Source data
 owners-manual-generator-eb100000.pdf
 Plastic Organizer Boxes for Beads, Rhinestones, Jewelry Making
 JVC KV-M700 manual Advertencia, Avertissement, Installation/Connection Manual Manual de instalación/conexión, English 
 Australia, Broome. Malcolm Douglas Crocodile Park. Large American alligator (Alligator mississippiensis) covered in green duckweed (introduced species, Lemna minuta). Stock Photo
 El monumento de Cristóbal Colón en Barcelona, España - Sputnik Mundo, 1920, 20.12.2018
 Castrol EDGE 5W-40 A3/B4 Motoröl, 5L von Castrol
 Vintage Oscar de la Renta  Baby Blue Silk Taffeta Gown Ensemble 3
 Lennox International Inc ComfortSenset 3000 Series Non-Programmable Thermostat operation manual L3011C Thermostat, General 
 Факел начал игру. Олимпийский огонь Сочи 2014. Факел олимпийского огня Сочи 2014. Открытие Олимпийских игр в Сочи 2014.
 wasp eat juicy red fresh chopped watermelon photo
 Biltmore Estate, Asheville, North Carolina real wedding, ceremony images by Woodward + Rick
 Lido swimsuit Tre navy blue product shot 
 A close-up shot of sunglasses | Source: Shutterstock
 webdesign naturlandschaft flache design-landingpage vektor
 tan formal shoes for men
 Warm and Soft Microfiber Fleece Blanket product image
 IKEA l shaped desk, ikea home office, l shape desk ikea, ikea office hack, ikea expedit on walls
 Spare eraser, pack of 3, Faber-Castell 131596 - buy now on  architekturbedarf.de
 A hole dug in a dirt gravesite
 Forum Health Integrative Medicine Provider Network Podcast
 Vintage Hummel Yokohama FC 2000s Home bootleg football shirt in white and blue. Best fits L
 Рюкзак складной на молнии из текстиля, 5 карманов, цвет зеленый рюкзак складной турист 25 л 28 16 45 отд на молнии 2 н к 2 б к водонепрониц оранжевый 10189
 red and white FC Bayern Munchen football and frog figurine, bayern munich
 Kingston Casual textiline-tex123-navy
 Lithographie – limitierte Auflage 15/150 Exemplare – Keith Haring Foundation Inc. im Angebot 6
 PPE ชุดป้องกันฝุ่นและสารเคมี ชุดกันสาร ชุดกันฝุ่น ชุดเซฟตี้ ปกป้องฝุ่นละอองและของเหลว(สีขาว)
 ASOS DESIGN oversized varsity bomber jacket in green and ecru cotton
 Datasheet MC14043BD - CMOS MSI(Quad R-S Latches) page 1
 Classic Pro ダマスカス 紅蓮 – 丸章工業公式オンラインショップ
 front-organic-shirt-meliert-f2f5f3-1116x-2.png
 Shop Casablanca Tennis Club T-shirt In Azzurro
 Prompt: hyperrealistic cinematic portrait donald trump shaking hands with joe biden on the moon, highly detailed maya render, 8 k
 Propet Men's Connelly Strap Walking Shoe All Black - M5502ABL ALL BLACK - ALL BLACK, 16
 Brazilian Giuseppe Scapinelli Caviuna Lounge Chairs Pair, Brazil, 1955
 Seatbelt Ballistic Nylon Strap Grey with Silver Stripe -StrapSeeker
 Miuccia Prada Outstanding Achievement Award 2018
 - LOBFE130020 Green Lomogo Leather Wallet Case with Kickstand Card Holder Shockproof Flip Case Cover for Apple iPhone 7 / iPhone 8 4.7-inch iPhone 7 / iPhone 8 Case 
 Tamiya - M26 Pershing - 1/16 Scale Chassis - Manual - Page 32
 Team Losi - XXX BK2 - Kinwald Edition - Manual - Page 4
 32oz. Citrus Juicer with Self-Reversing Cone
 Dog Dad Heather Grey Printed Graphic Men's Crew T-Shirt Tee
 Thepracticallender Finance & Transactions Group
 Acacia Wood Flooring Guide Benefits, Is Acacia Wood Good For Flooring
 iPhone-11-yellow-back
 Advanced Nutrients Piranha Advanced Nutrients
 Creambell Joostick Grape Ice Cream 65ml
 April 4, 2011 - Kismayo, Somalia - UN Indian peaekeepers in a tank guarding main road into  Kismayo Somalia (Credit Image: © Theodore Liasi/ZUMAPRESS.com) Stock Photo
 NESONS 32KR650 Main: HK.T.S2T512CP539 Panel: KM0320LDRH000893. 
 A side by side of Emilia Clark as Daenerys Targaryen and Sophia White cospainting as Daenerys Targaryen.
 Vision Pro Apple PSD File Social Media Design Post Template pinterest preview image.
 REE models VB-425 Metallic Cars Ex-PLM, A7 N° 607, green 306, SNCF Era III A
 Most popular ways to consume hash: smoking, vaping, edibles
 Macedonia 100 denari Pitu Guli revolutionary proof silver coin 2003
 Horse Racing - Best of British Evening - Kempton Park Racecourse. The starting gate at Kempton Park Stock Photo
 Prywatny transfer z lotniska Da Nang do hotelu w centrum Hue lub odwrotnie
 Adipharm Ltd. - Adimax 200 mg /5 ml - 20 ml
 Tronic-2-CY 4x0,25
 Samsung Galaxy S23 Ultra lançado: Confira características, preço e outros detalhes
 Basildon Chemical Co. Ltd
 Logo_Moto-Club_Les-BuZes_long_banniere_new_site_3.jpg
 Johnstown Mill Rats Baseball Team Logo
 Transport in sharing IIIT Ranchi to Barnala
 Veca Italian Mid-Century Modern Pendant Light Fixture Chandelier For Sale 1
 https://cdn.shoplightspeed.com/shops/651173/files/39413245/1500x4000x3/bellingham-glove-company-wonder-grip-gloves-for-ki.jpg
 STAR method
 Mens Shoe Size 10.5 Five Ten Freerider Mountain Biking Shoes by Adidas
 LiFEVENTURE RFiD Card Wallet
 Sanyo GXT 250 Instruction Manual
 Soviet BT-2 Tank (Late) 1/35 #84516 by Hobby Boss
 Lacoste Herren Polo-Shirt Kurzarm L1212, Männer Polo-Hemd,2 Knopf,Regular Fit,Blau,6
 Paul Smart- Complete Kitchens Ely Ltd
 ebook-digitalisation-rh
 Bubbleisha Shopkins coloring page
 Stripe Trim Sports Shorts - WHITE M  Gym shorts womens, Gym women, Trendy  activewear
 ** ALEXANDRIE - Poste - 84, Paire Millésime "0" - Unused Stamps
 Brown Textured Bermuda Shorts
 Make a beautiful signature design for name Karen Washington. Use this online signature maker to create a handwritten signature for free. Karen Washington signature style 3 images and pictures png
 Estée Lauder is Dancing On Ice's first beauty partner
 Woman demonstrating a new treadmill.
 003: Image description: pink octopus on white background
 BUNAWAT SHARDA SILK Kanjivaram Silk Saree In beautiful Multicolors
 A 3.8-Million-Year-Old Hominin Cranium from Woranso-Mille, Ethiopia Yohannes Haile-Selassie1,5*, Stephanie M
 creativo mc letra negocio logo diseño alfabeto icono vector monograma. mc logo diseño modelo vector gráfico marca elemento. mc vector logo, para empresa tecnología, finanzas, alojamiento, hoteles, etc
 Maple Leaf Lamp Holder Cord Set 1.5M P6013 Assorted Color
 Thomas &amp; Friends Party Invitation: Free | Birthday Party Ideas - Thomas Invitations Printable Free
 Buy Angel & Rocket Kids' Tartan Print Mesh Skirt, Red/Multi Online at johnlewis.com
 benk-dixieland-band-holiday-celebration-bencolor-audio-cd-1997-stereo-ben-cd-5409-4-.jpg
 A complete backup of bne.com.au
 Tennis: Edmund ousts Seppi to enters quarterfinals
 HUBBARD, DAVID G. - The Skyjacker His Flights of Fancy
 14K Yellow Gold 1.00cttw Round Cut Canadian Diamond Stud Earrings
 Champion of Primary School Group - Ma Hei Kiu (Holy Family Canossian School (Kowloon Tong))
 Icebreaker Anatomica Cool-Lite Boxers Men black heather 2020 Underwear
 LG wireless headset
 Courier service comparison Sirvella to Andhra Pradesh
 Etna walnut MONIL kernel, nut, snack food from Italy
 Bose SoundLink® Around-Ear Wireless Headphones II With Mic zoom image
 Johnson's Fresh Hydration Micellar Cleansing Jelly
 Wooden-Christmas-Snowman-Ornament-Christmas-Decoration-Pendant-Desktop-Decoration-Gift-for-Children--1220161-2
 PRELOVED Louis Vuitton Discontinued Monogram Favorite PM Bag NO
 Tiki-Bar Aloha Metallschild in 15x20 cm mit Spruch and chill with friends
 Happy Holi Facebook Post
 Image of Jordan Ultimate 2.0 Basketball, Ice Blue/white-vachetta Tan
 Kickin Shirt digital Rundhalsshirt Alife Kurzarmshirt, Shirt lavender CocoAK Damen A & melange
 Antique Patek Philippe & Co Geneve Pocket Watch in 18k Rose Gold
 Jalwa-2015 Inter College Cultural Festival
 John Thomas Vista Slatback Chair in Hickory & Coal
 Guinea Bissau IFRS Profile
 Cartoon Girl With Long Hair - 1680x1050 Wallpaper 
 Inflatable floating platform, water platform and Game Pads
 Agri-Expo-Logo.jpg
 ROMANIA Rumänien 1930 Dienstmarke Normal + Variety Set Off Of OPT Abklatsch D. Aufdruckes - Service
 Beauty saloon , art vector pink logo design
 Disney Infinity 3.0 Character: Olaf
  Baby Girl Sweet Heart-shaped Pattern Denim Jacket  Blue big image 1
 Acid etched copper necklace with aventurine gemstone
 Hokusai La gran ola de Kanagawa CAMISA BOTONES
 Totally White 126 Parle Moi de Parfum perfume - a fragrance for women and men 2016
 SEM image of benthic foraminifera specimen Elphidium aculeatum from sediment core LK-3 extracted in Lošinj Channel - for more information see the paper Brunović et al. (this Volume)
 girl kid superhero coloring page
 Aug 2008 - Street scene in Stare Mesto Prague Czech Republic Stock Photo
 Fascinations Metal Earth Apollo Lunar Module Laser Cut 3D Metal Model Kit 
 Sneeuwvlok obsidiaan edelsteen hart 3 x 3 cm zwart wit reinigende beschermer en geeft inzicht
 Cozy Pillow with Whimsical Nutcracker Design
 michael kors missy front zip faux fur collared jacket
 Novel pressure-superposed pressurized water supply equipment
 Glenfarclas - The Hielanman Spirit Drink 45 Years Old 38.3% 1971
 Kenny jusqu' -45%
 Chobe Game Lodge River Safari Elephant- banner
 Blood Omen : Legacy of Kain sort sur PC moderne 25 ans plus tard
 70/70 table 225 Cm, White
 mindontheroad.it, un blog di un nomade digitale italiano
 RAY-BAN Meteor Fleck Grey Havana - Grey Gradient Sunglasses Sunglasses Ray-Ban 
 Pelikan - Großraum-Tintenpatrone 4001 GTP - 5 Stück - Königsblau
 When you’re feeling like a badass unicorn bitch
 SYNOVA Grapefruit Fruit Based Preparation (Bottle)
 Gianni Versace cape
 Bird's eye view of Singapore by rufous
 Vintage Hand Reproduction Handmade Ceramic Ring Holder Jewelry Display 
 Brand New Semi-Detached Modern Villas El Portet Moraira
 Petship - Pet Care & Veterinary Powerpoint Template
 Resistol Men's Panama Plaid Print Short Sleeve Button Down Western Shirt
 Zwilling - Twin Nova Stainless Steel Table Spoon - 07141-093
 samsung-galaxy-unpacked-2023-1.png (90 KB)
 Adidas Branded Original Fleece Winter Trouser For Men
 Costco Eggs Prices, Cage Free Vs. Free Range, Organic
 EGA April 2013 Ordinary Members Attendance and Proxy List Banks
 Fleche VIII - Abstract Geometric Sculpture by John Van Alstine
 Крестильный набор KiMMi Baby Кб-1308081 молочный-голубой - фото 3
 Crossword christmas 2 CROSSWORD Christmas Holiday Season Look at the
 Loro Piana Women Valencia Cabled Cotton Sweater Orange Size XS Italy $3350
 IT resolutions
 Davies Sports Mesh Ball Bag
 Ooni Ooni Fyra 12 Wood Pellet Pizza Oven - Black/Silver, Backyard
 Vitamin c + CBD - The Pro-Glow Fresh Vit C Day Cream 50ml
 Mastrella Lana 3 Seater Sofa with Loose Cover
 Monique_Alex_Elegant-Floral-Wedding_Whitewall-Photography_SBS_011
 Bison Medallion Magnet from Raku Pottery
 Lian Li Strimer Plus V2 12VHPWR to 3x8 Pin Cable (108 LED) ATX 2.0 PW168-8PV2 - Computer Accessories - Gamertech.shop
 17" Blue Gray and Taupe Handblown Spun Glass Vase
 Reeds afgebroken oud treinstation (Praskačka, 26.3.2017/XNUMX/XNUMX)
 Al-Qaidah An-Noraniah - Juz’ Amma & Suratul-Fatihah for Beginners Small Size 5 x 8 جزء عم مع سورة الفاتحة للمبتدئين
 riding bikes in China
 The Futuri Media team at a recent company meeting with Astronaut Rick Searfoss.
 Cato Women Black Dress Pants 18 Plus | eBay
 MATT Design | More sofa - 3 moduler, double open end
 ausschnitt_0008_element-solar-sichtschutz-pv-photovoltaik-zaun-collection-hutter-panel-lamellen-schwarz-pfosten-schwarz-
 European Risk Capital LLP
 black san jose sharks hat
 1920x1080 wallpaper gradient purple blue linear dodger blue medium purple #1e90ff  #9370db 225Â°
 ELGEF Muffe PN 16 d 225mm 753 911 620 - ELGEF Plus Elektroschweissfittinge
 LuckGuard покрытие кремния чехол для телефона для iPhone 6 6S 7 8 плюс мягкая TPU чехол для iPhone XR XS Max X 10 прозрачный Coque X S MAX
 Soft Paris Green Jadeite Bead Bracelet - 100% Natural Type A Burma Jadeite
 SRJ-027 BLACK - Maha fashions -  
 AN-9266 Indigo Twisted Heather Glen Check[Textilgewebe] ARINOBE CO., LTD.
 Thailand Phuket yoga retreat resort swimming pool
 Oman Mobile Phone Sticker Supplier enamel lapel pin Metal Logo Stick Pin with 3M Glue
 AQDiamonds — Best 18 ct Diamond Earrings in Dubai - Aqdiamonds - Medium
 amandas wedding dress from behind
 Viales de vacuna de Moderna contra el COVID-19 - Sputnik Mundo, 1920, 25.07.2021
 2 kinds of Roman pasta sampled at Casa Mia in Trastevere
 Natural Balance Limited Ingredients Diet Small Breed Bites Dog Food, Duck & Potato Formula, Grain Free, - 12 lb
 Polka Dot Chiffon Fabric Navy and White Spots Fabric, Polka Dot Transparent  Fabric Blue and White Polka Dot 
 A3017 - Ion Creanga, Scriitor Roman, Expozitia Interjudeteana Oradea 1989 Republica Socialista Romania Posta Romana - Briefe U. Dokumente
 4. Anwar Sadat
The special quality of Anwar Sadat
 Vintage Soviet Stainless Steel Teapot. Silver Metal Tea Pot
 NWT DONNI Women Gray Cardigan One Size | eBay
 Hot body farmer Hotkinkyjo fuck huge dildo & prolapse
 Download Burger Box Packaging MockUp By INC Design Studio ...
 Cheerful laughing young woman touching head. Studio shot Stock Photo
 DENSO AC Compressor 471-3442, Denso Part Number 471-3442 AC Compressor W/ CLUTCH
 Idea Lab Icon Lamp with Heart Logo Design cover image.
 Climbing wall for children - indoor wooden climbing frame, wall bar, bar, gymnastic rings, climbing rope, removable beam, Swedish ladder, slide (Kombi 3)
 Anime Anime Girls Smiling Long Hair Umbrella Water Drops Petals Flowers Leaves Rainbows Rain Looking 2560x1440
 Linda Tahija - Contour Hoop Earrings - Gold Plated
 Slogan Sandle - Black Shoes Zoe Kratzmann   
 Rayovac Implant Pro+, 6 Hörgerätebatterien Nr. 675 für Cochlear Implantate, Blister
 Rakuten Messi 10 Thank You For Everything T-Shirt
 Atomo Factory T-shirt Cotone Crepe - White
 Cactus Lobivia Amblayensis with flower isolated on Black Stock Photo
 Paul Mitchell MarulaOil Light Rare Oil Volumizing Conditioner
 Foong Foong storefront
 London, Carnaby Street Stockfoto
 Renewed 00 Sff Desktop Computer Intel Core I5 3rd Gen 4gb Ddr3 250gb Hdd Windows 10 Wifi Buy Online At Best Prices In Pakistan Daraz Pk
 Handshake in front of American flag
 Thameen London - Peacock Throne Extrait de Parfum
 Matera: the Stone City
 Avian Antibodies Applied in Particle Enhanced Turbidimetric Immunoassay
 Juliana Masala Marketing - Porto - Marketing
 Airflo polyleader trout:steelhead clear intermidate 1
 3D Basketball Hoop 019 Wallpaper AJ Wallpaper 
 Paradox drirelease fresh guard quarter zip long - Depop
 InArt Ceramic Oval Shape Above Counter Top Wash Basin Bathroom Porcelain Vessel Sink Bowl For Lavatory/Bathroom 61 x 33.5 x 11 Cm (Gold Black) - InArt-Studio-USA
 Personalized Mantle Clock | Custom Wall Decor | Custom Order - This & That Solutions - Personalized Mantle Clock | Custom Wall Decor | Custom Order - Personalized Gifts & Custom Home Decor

*Assignment*. The lines holding the word "Cream" are the answer. Find them in the entries and copy them.

*Task response*.
 Creambell Joostick Grape Ice Cream 65ml
 Vitamin c + CBD - The Pro-Glow Fresh Vit C Day Cream 50ml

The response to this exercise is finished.